At that time, I was in the midst of writing a fictional book about His return; I think I was about three or four chapters into the writing of it. I understood more than most people at my young age about prophecy. Admittedly, I had a lot to learn of the details and the means of studying them out, but I had a decent, basic understanding of what was going to come on the world. That ‘dream’ helped to motivate me to study, and to write. But, I met my wife, began a family, and started in a new career in SCADA, so it took another ten years before that book would be finished. That was 23 years ago.

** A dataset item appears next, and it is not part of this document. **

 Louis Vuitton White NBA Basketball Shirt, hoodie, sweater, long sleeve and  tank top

I have been telling people ever since of the nearness of Yeshua’s return. [Another similar dream happened about three or four years later]. One year, in 1997, I was so hoping it would happen that year, and thought that it might. I told my closest friends; I called people whom I had left behind in the Navy and told them, simply because I wanted them to be part of those who escape the wrath of God. Most of them were honored that I reached out. Some of them mocked me. I get it. They mocked Noah, too.
I still believe Yeshua is coming back sooner than later. What I wish people understood is that when He takes His Bride away like a thief in the night, it is not going to be the disappearance of every person who confesses His Name. It will be the very few who obey Him by walking in His Halakha, His ‘Way”, the way He observed the Torah of God. It is going to be those most intimate with Him.

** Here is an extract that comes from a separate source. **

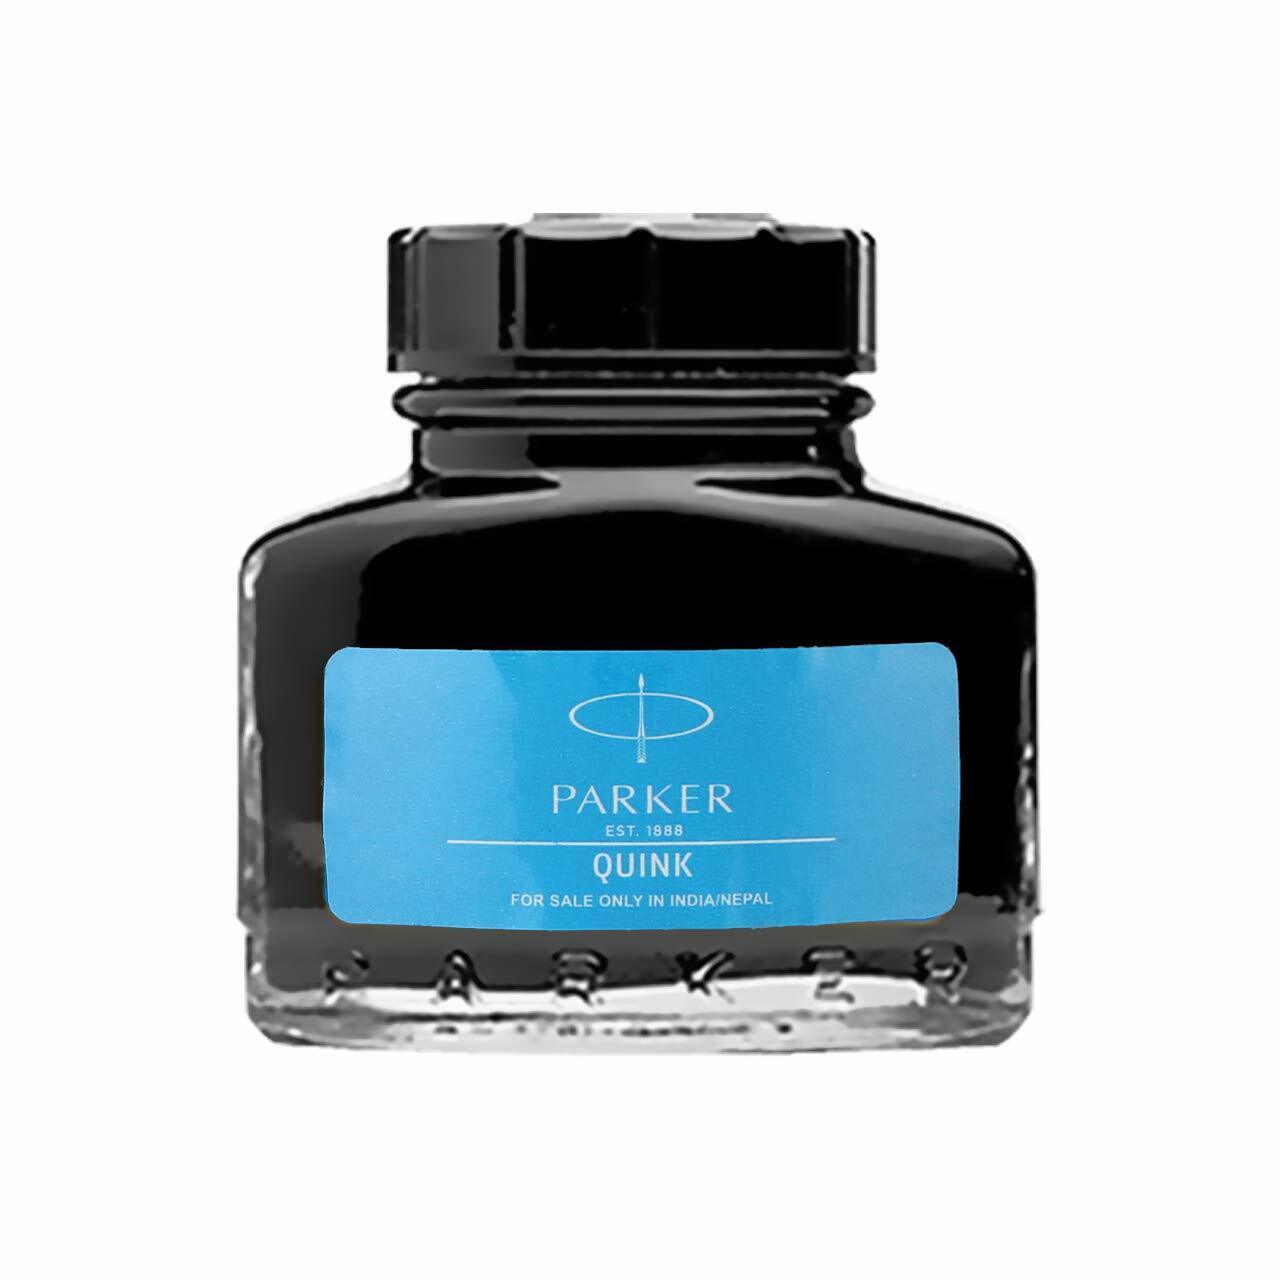 PARKER QUINK PEN INK BLUE BOTTLE 30ML FROM INDIA

Yeshua effectively signed a “Ketubah”, a wedding contract, on the night of His last Passover Seder. He spoke of the Wedding Chamber, and told us that He would come and take those who partake of Him to be with Him there, in His Father’s house. {John 13-14} Only those who follow the Ketubah, the Written Word of God, will be His intimate Bride. Others who are ‘lukewarm’ will stand on the precipice of decision when it will be most terrible a decision to make. “If you have run with the footmen, and they have wearied you, then how can you compete with horses?” [Jer 12] In other words, if you cannot follow Yeshua while it is easy, how will you do so when the world is under the overt spell of the Adversary? Religious people walking in error will be the first to do obeisance to the False Messiah. They already are.
How near is His return? My human guess is that it is within a generation. It could be either the very near term, or another 50 years out. But it doesn’t matter: I will do as instructed and be a watchman on the wall, a herald of His Good News, and encourage people to live according to His Will. Because NO ONE knows the hour of their own death or demise. It is utter arrogance and folly to think that just because He is not ‘obvious’, that His plan is delayed. It is the utmost ignorance to think that God does not exist at all, and it is willful stupidity to deny Yeshua as the Risen Son of God and the Savior of those who do repentance and walk in His Way.

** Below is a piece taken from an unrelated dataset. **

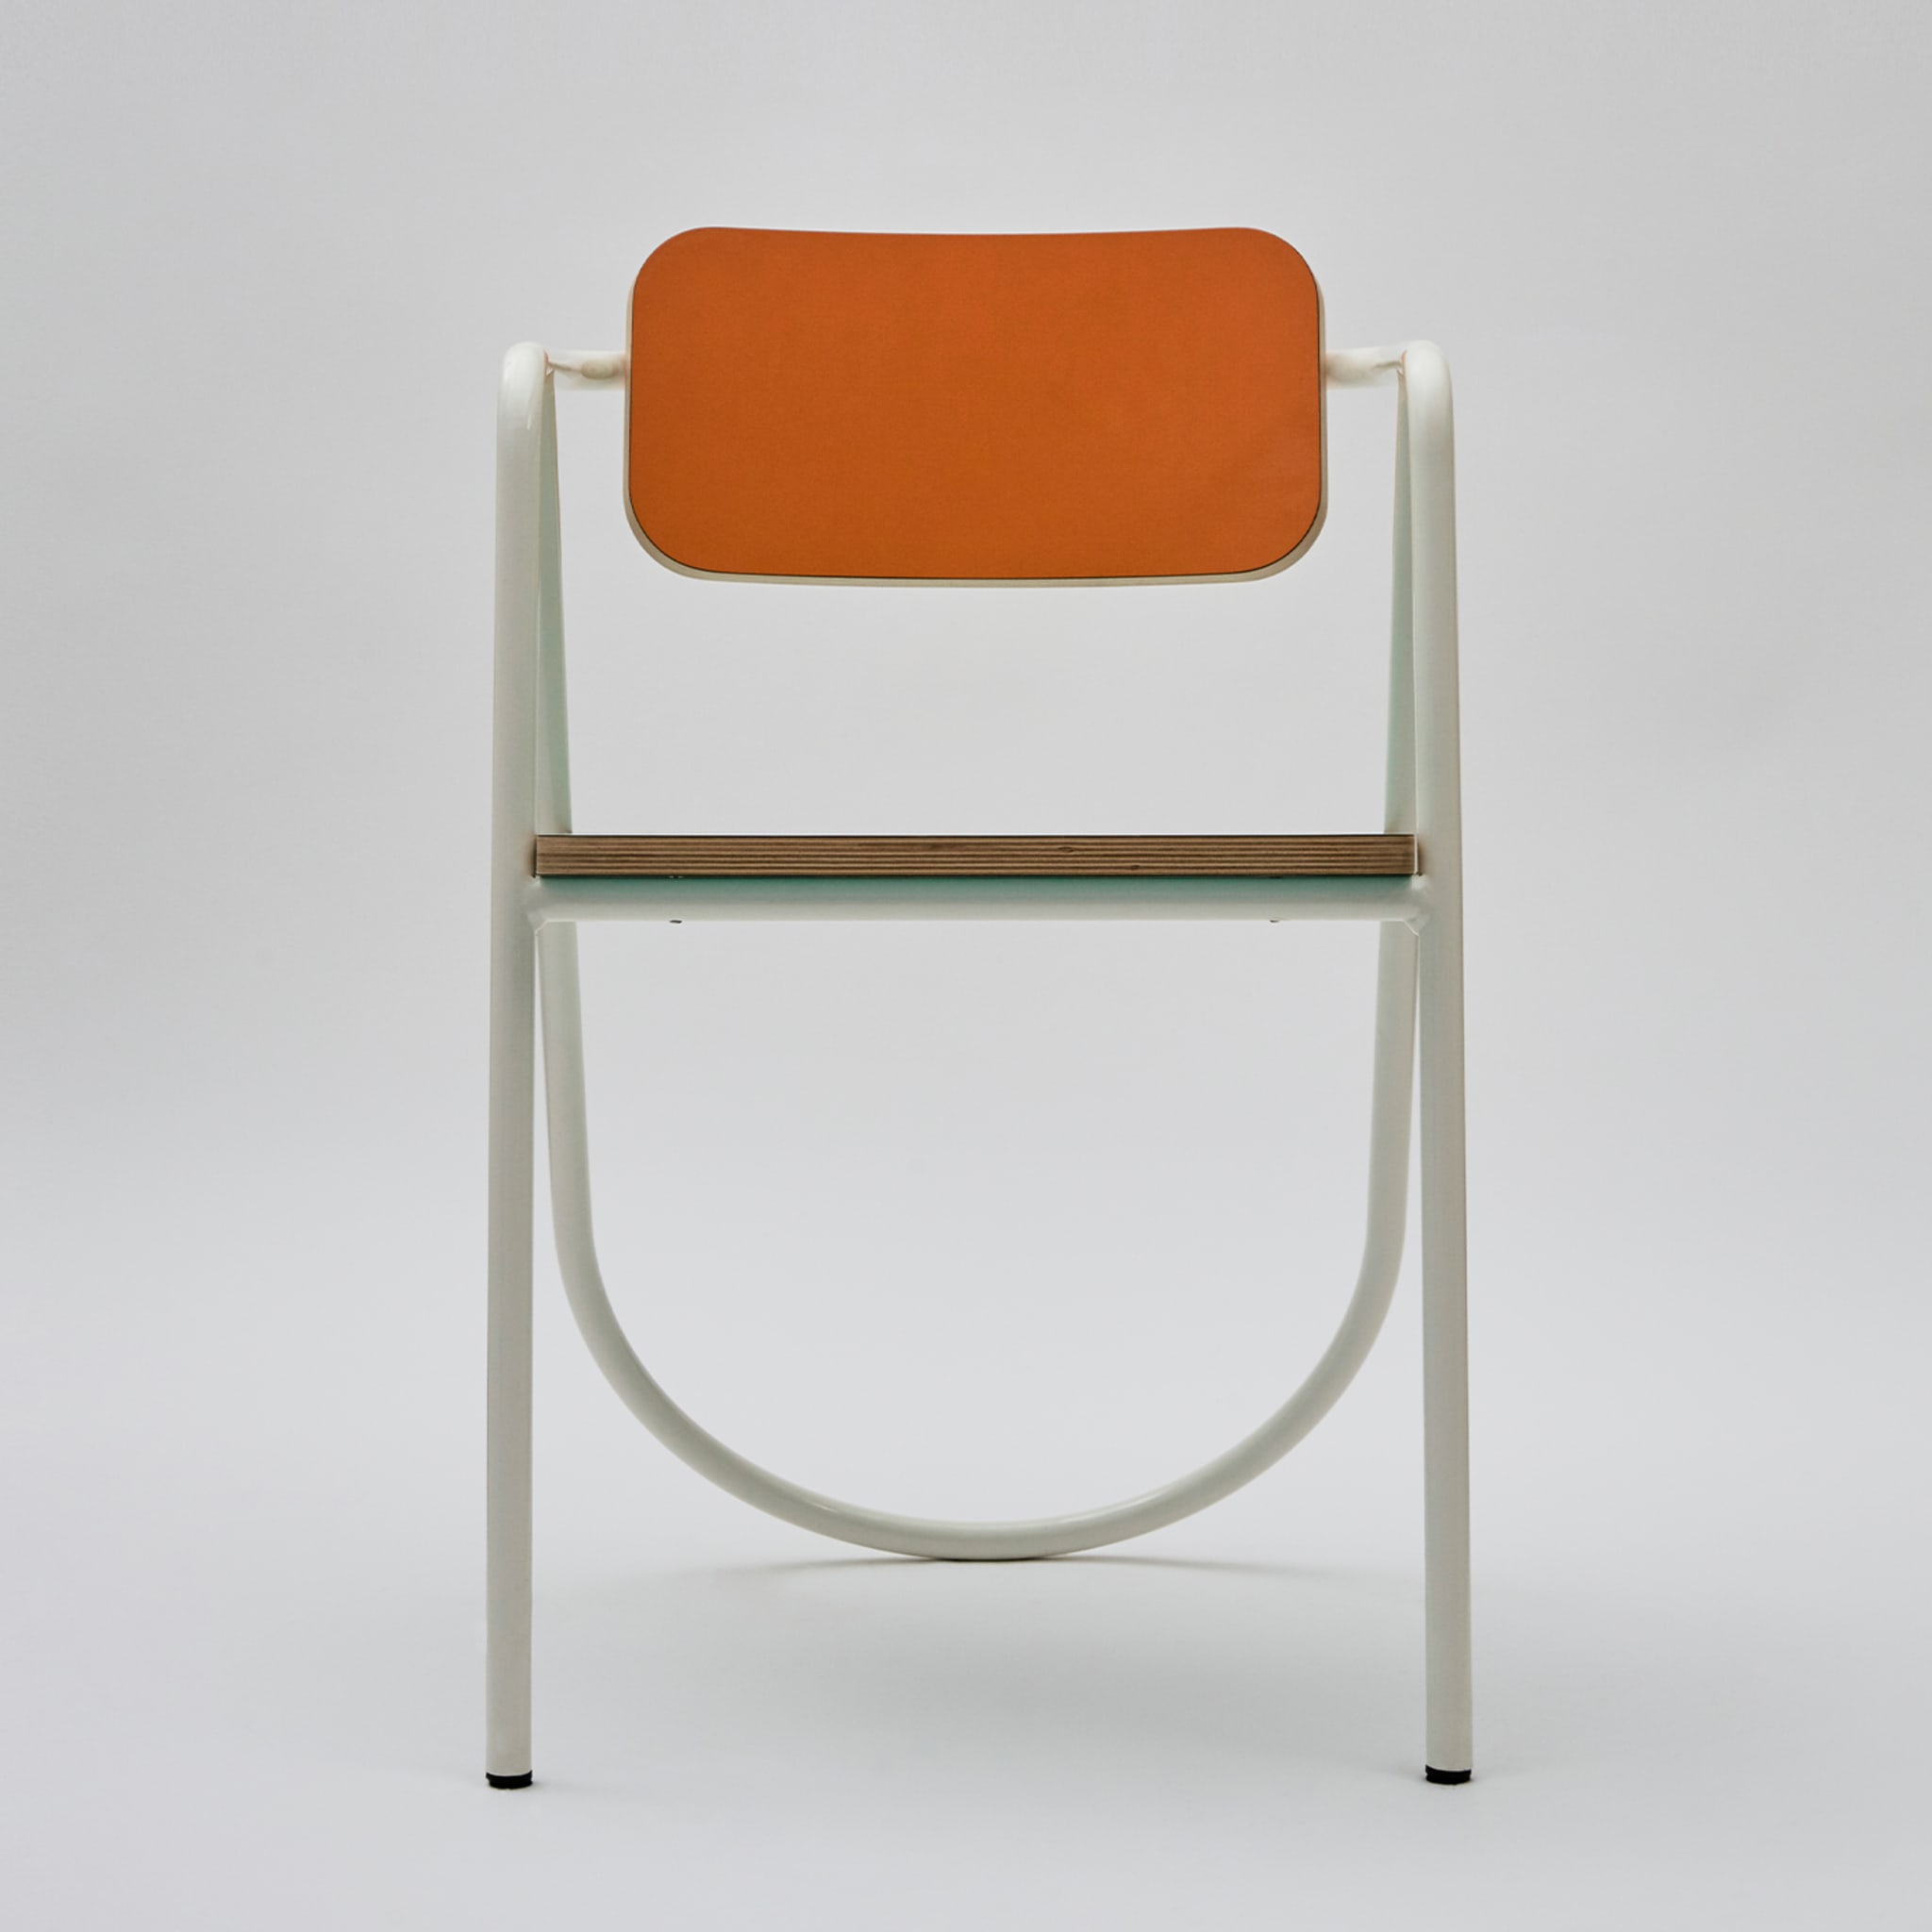 La Misciù White/Teal/Orange Chair  - Alternative view 1

We are, all of us, indeed, supposed to be light in this dark world.
“From now on, my beloved, just as you have always been obedient … work out your own Salvation with reverence and trembling, that you may be sincere and blameless, like innocent sons of God in the midst of a crooked and perverse generation, among whom you shine as lights in the world.” Phil 2:12
“And they that are wise shall shine as the brightness of the firmament; and they that turn the many to righteousness, as the stars forever and ever.” Daniel 12:3
“Do not err, my beloved brethren: every good and perfect gift is from above, and comes down from My Father of Lights, with whom there is no variableness nor shadow of change.” James 1:16
Amein Daniel
Very interesting read, Daniel. Thank you for sharing.